--- Data supplied Enclosed Below ---

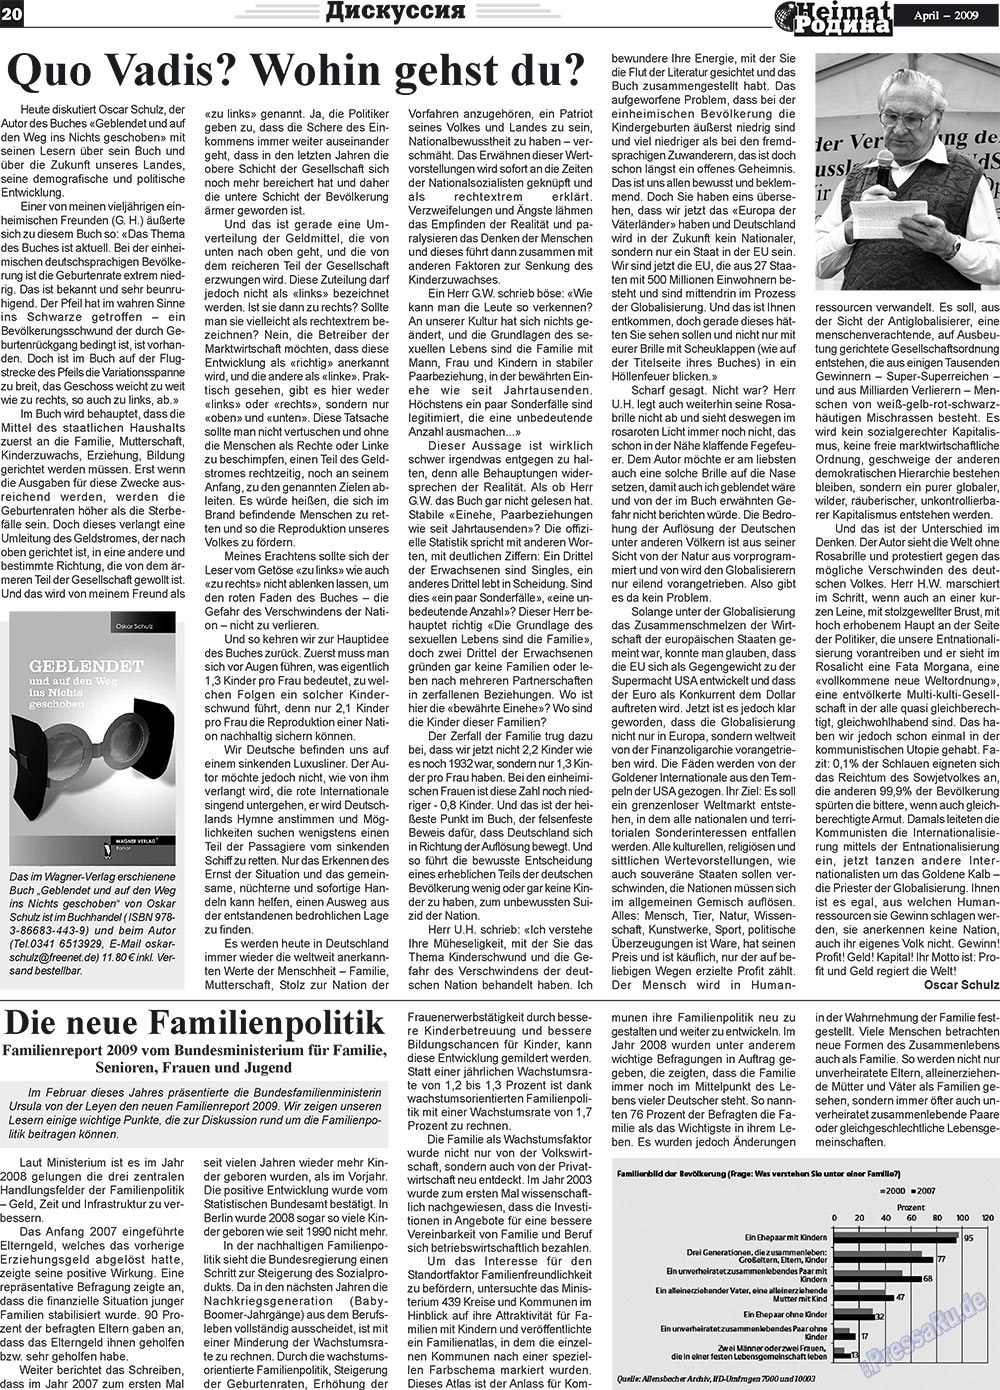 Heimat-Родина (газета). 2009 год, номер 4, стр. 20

--- End of Enclosed Data supplied ---
--- Data supplied Enclosed Below ---

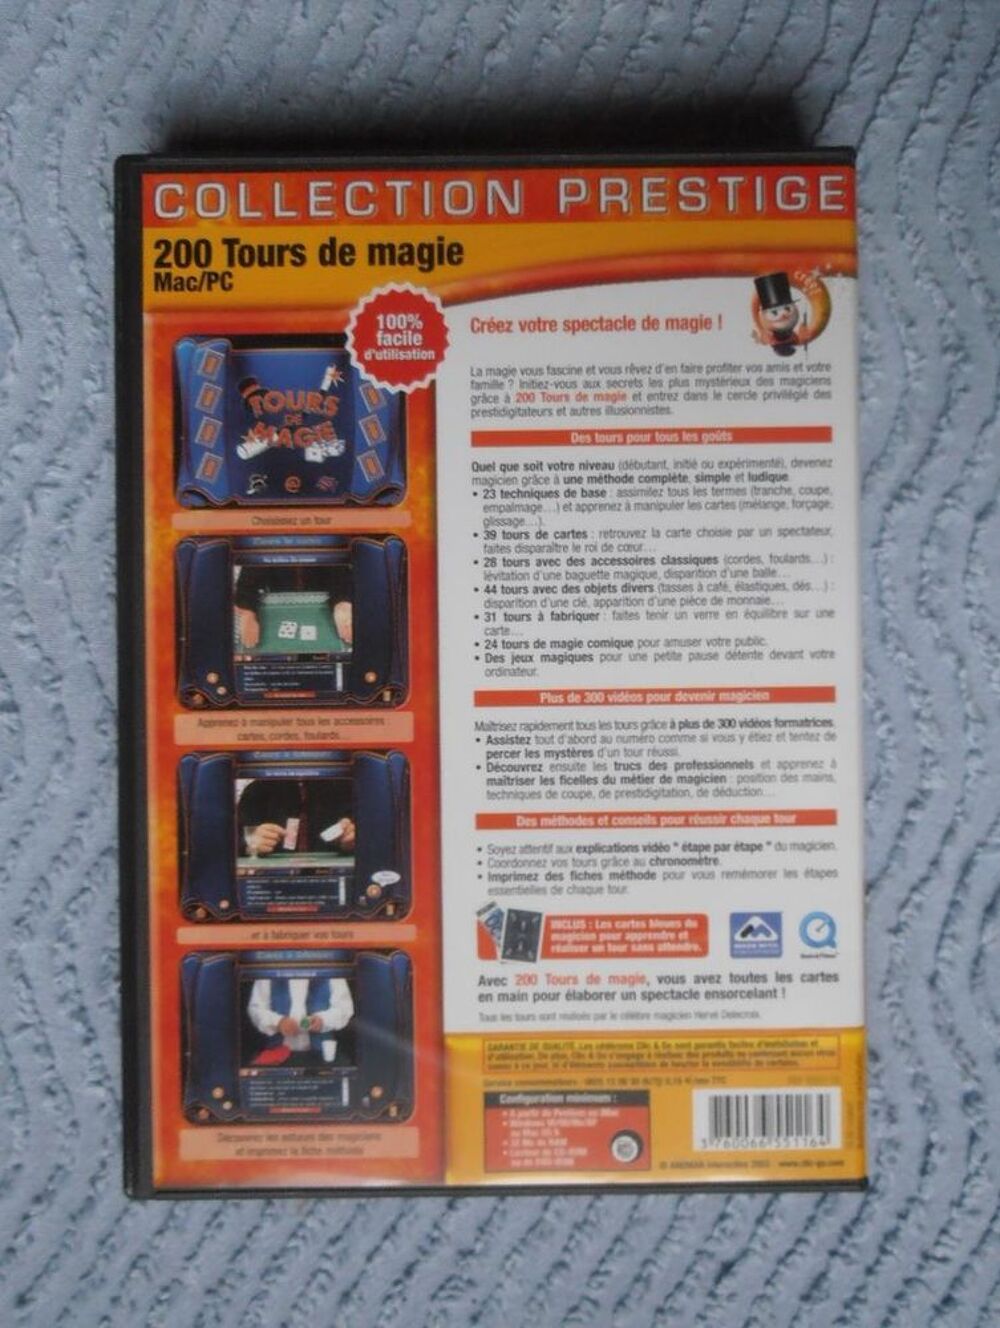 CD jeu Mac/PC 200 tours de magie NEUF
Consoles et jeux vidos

--- End of Enclosed Data supplied ---

• **Exercise**
Exercise for the records above: copy only the lines from the one with "CD jeu Mac/PC 200 tours de magie NEUF" to the one with "Consoles et jeux vidos", both ends kept, and drop the pictures.

• **Exercise solution**
 CD jeu Mac/PC 200 tours de magie NEUF
Consoles et jeux vidos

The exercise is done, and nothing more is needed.